## Data provided
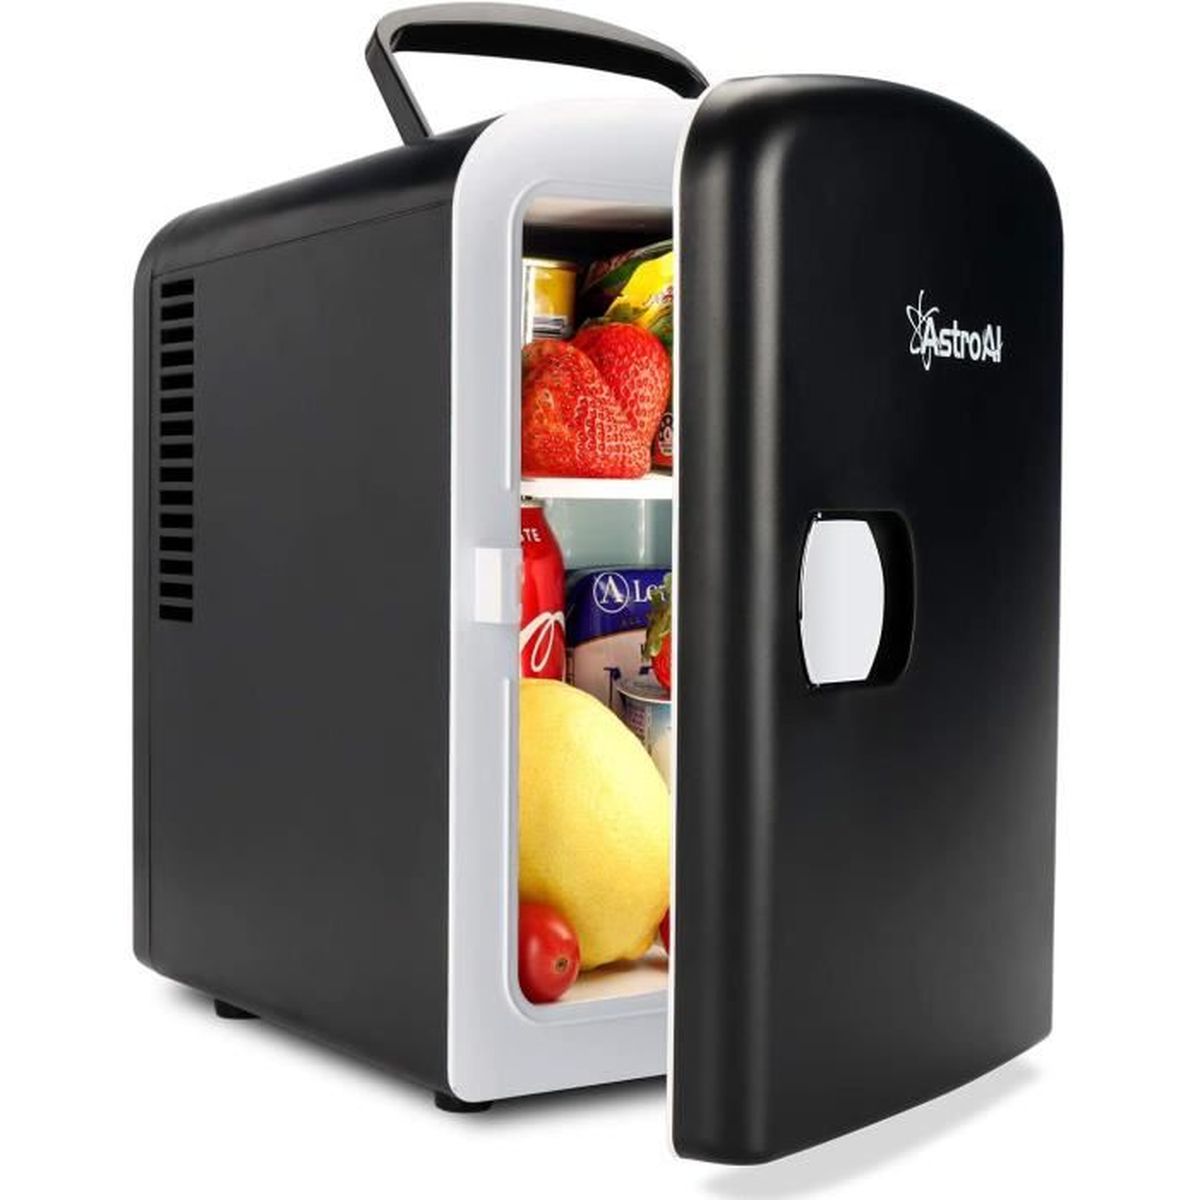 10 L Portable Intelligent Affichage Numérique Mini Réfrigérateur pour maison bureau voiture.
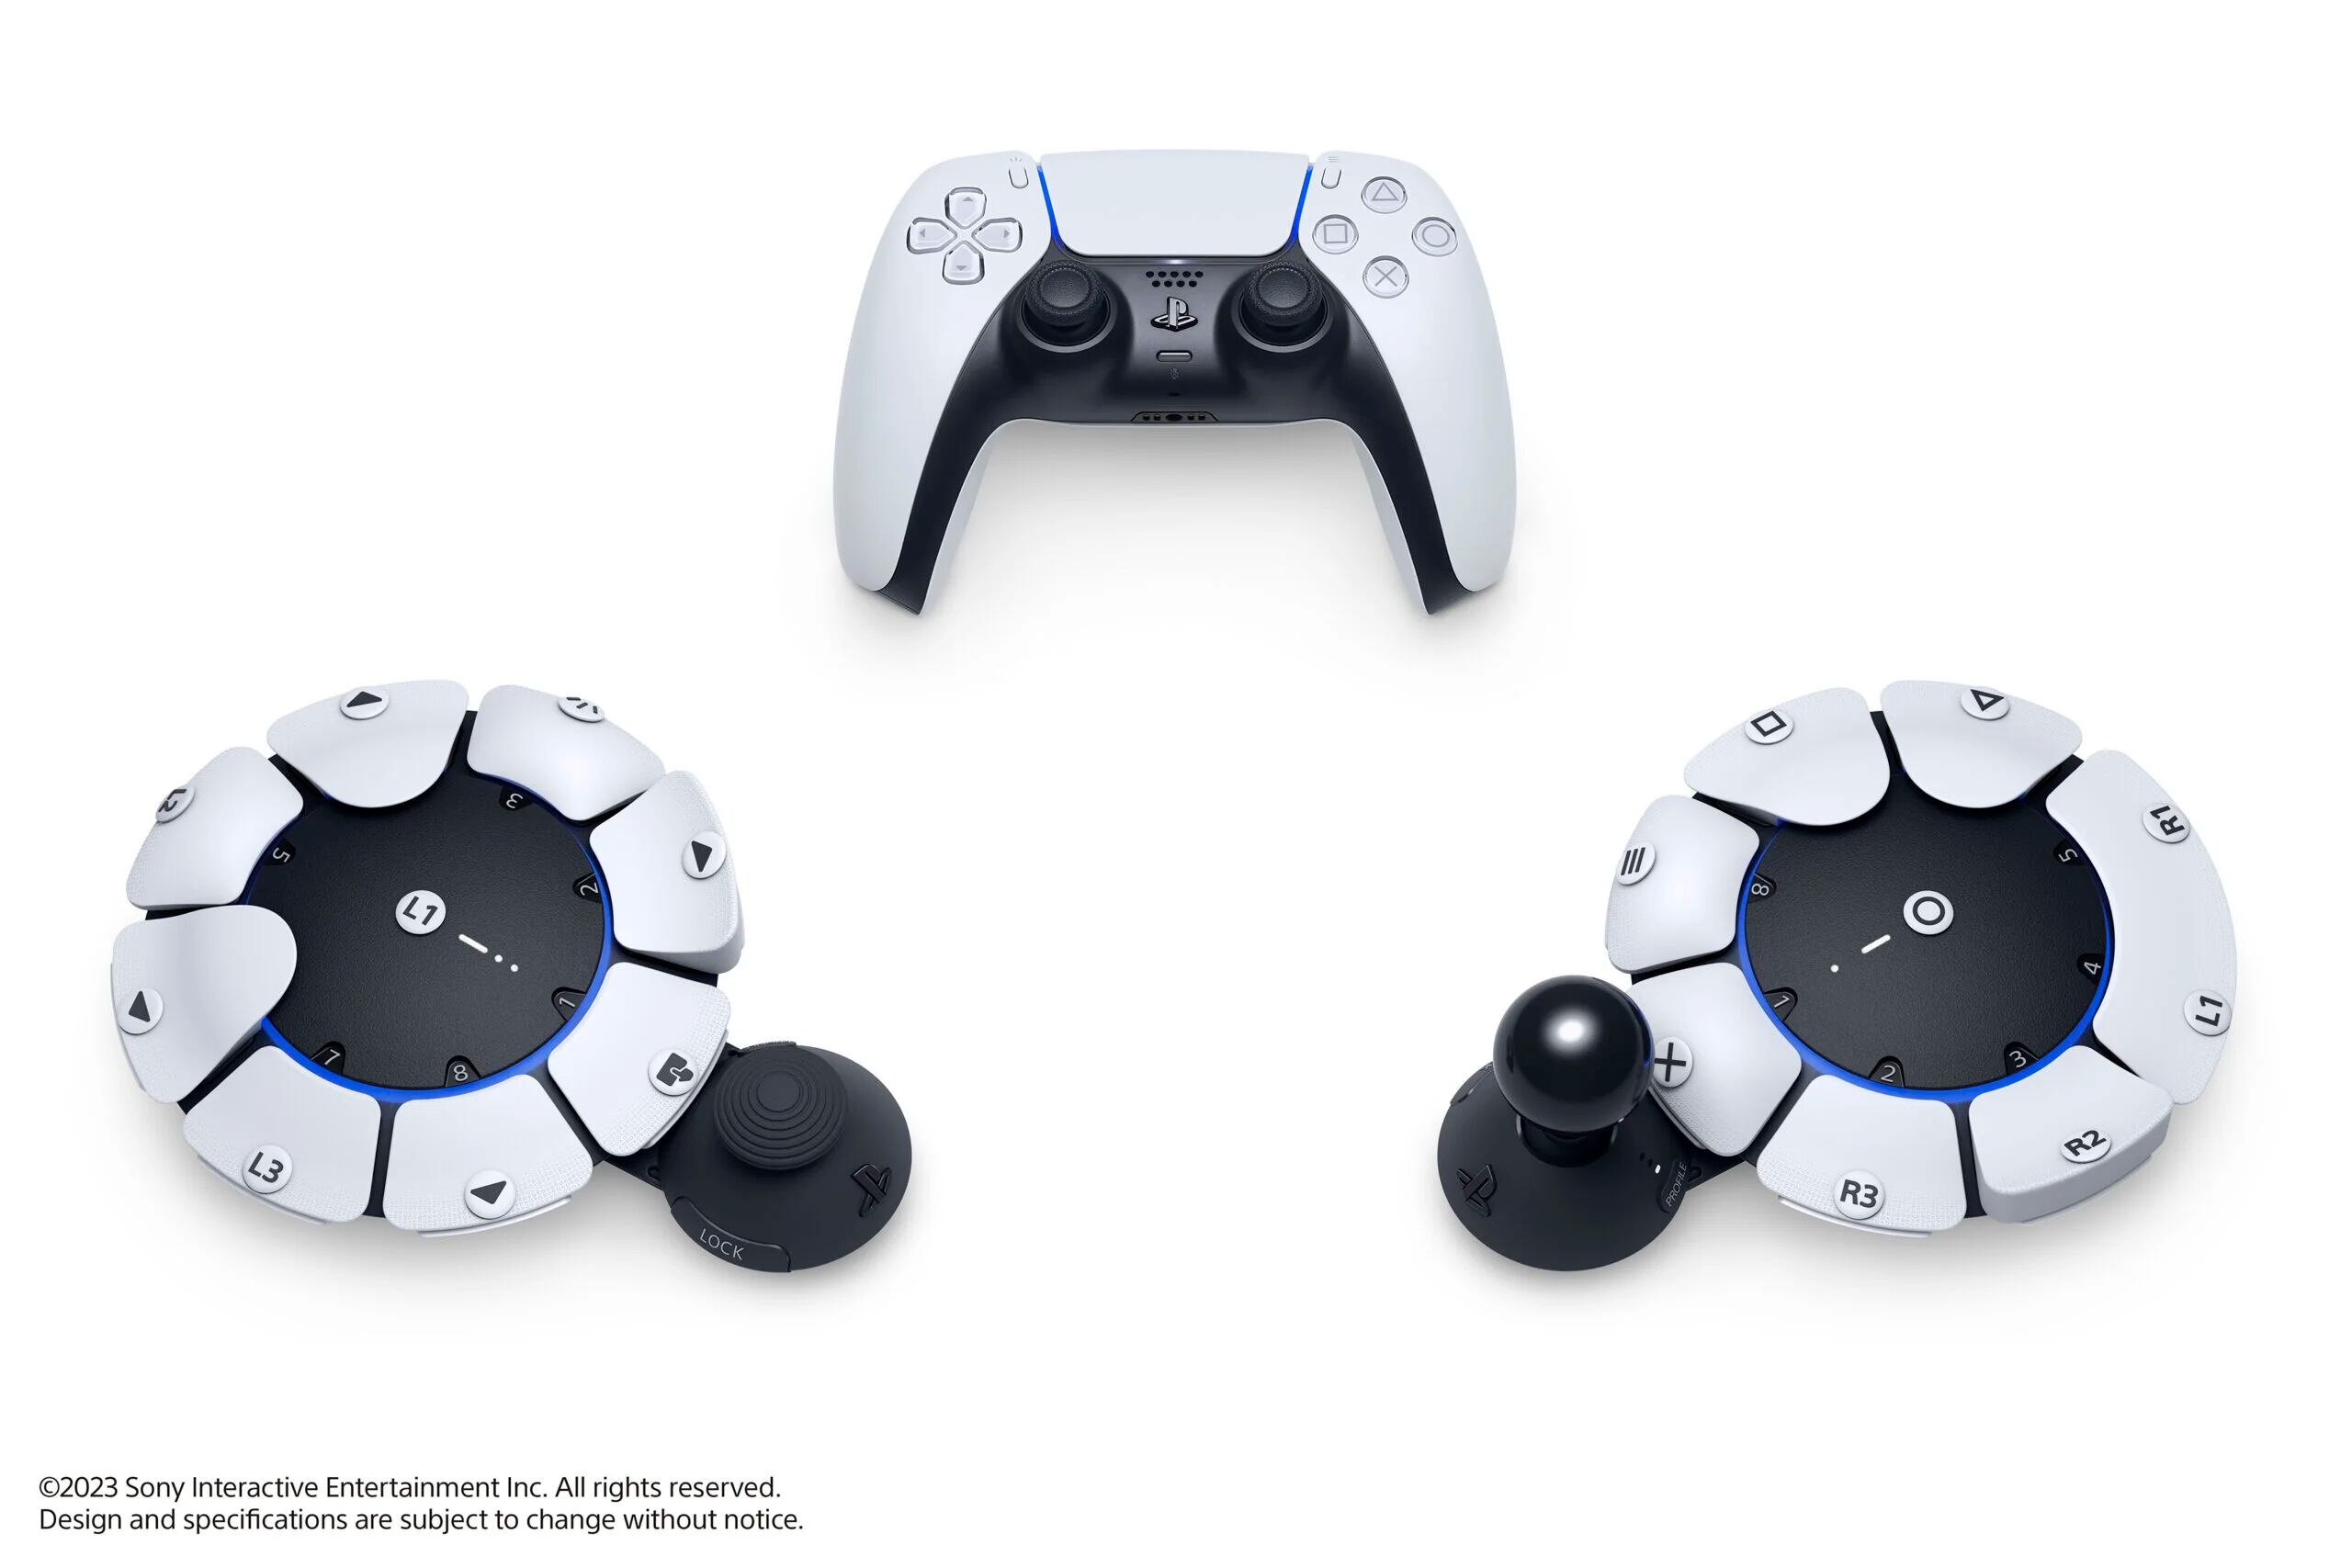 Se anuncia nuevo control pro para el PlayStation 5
---
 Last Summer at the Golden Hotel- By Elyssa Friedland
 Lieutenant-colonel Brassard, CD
==
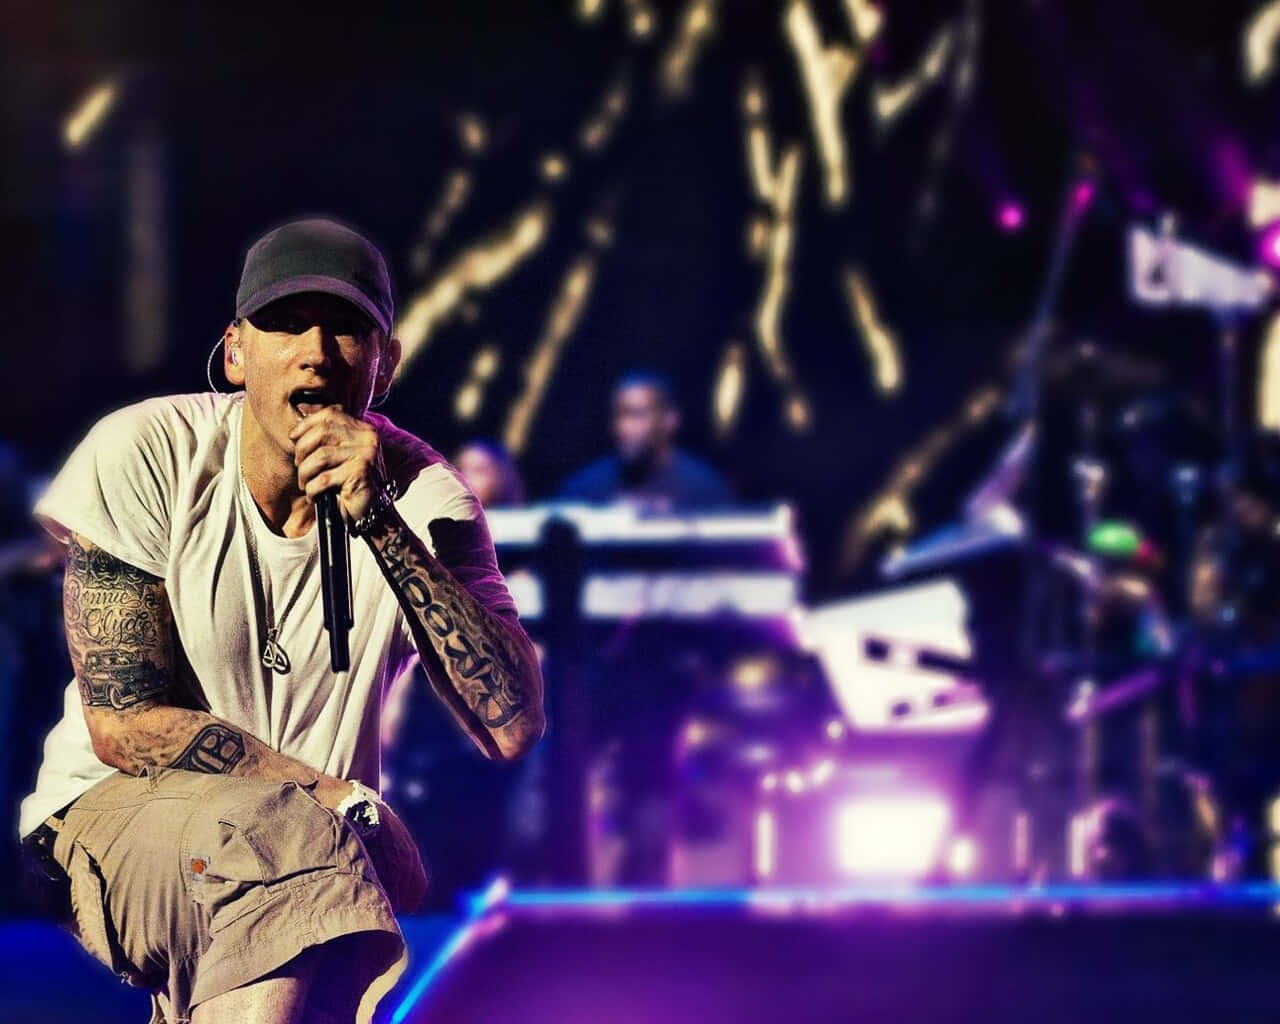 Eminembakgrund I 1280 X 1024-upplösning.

## Task details
Your answer must be the exact lines from the records above, from the one containing "10 L Portable" through the one containing "Se anuncia nuevo", both included, with every picture left out.

## Task result
 10 L Portable Intelligent Affichage Numérique Mini Réfrigérateur pour maison bureau voiture.
 Se anuncia nuevo control pro para el PlayStation 5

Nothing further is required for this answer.